## Your instructions
Each line of the data must reappear exactly in your answer, with no images included.

## Stored data
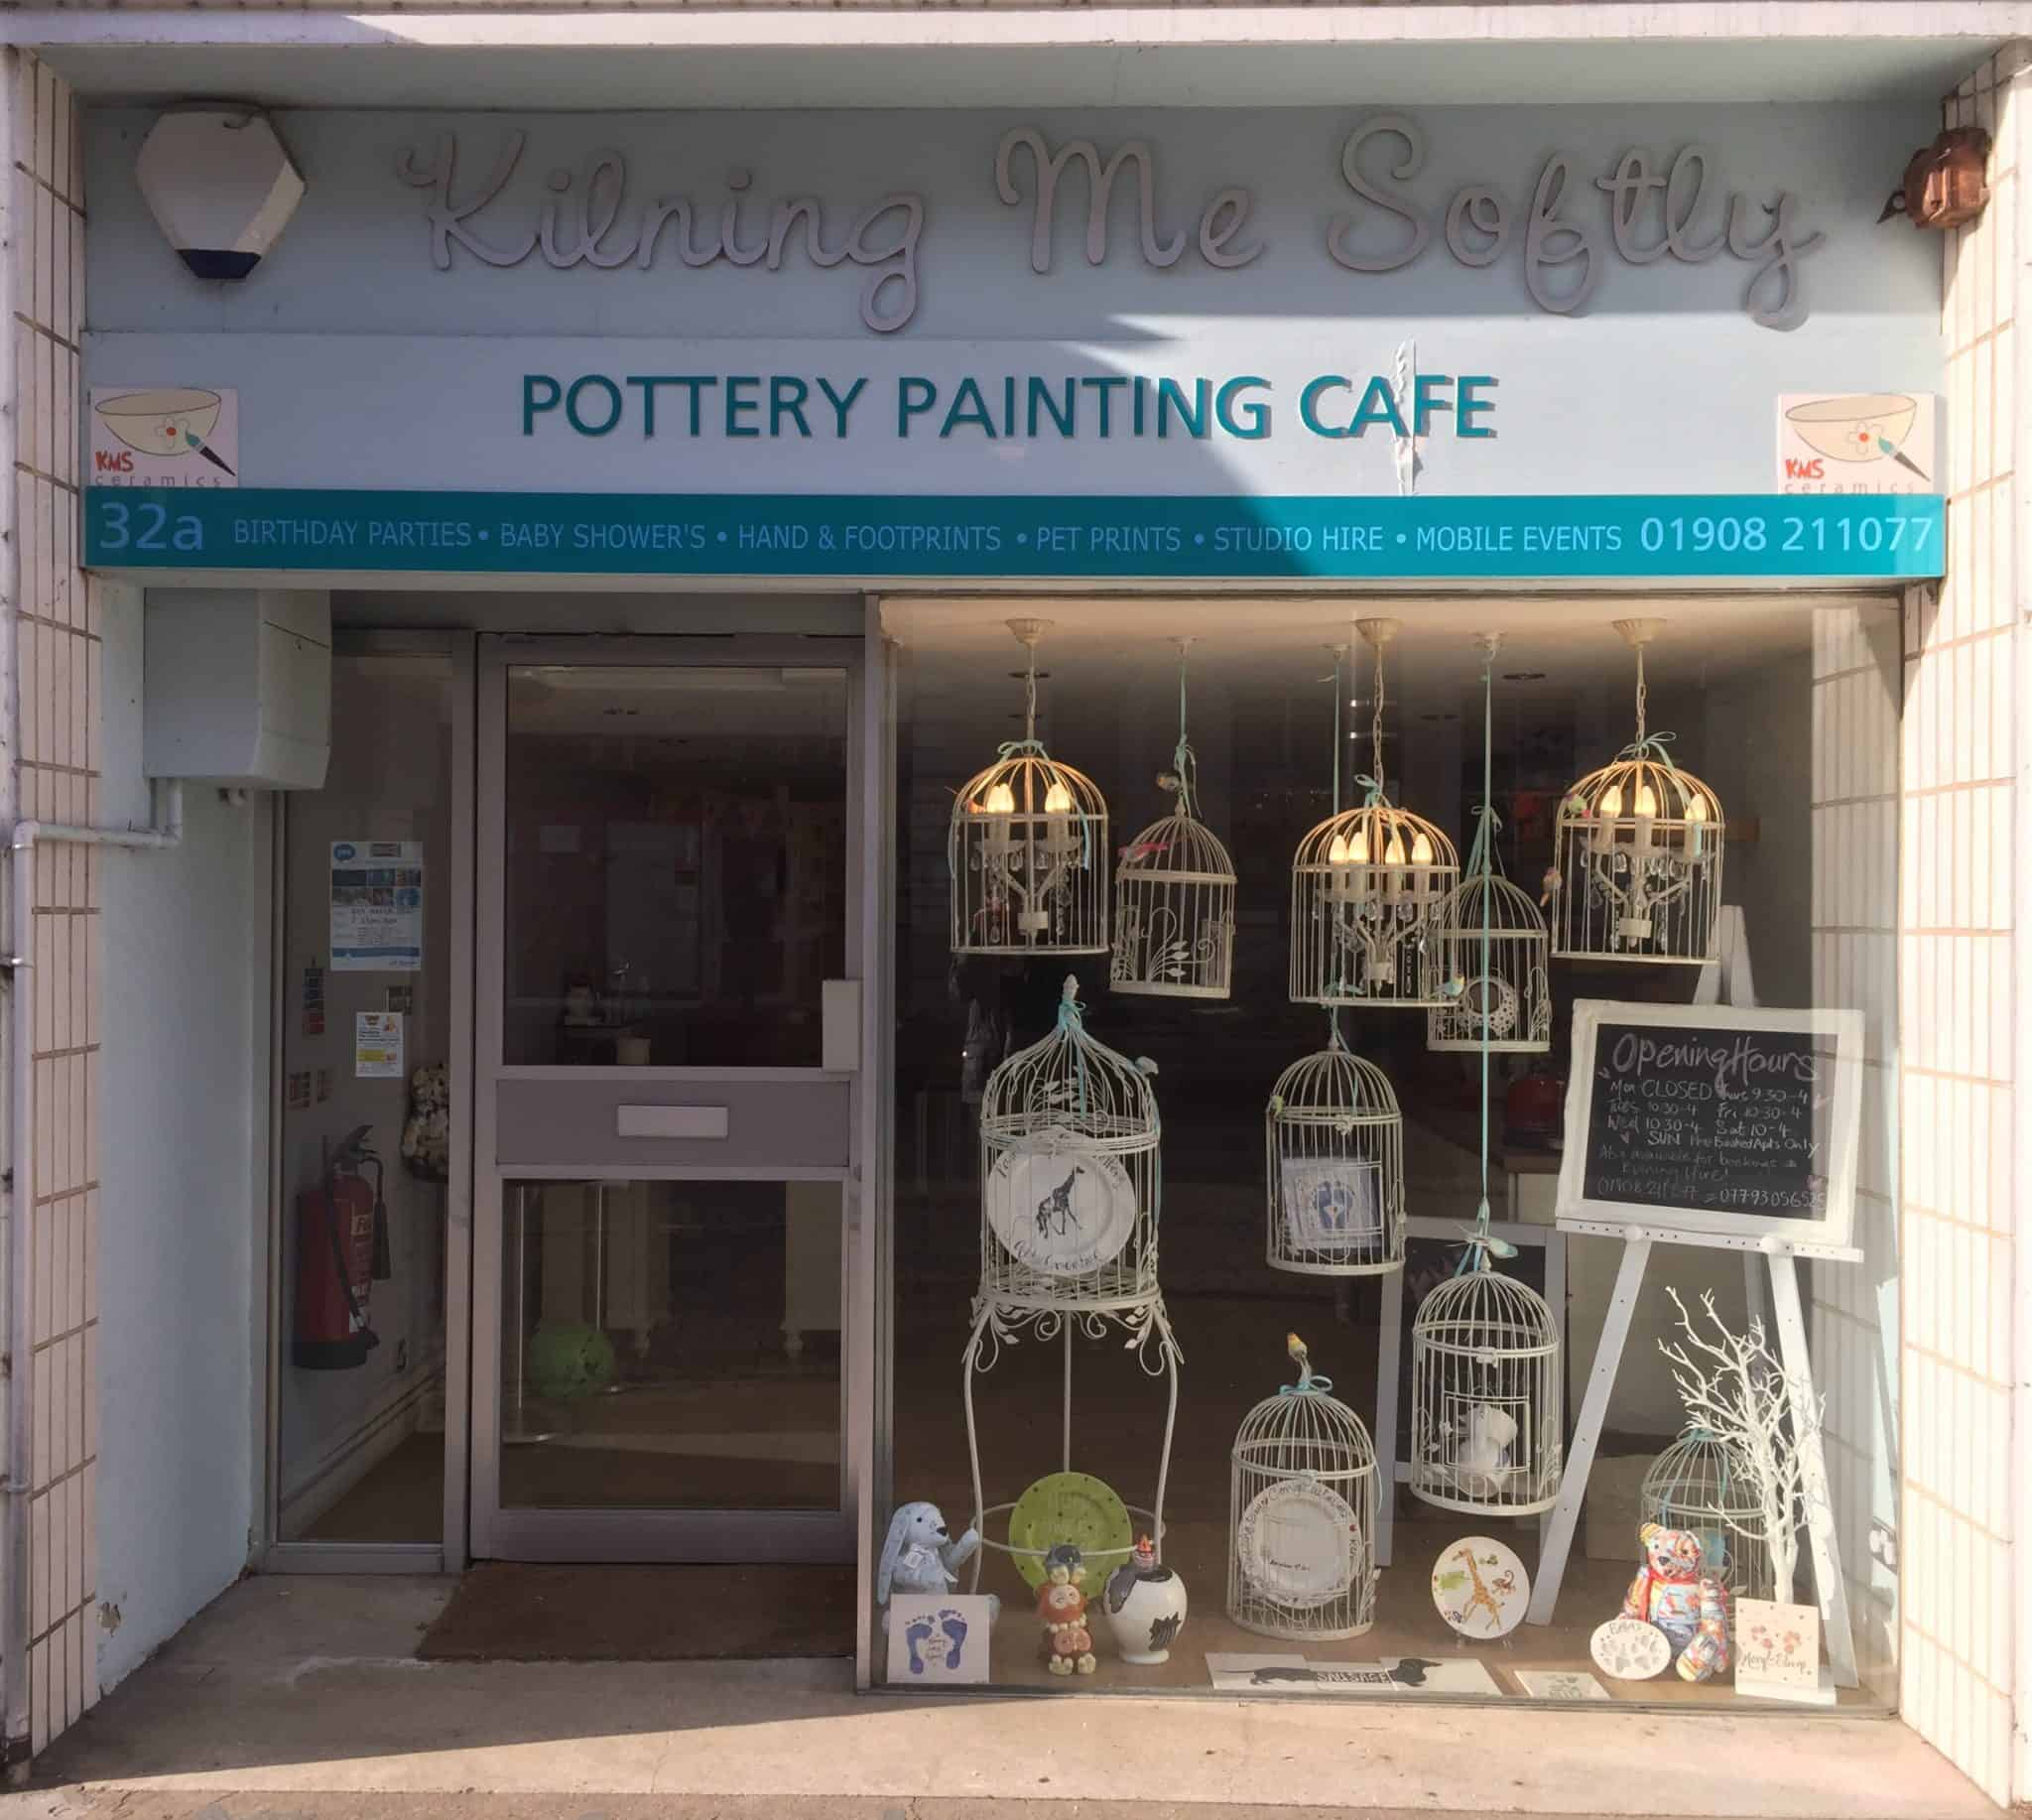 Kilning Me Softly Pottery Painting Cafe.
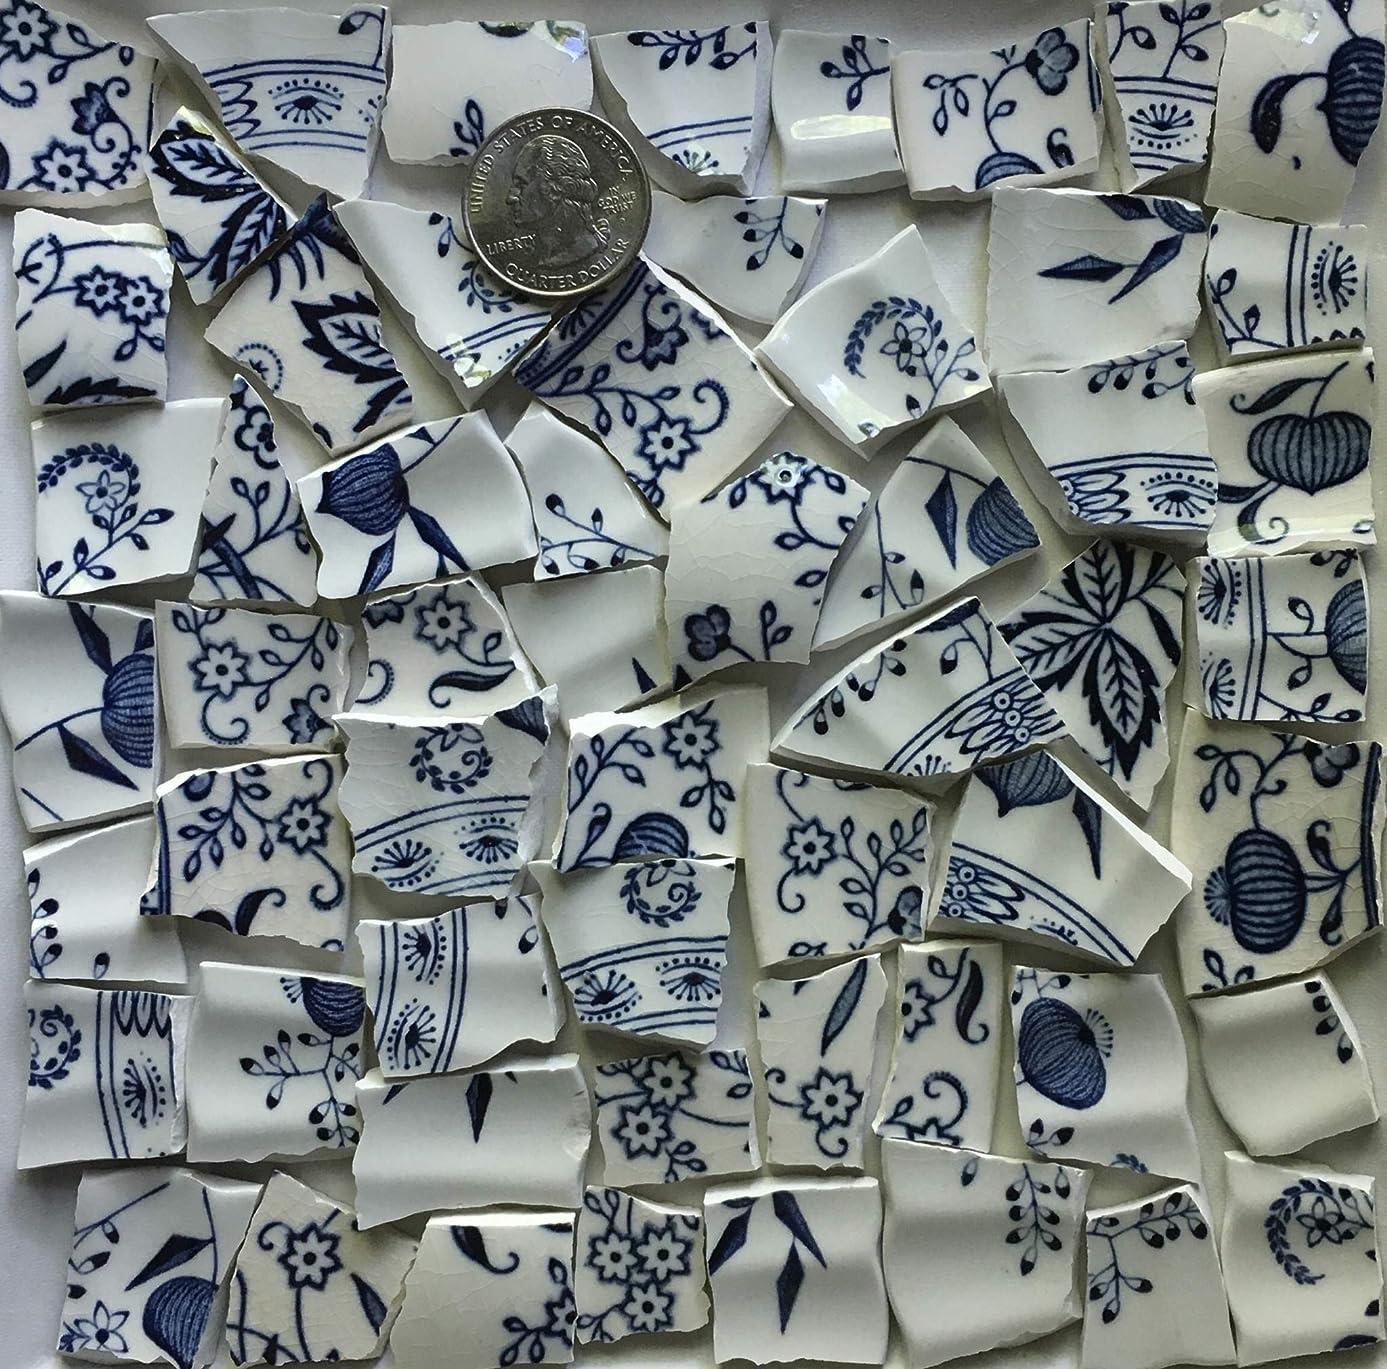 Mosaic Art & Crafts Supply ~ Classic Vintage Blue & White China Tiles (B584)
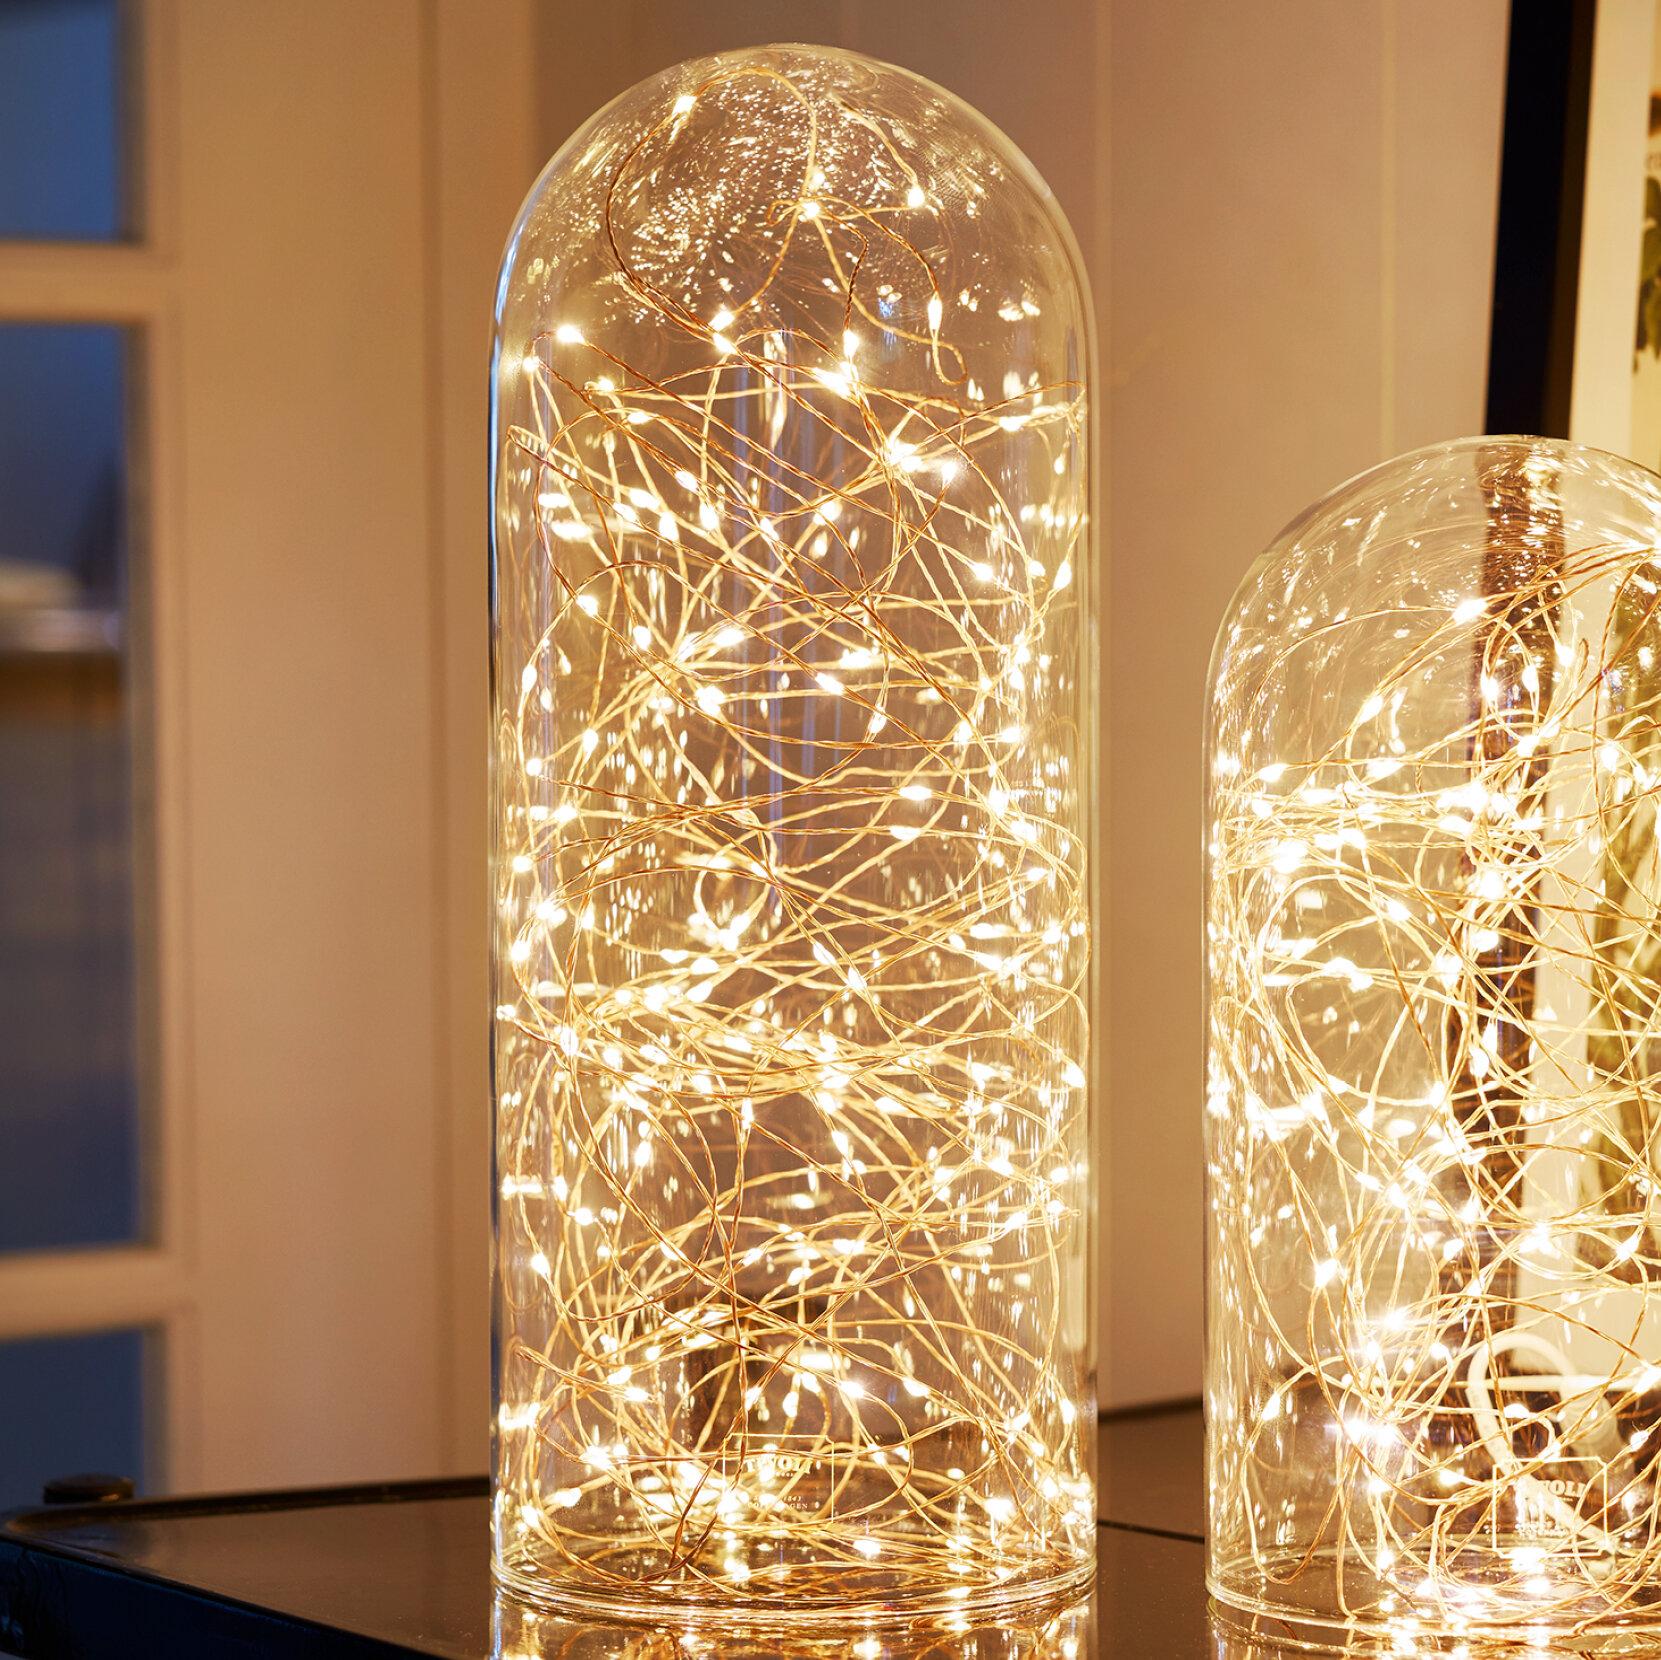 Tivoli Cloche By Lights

## Response
 Kilning Me Softly Pottery Painting Cafe.
 Mosaic Art & Crafts Supply ~ Classic Vintage Blue & White China Tiles (B584)
 Tivoli Cloche By Lights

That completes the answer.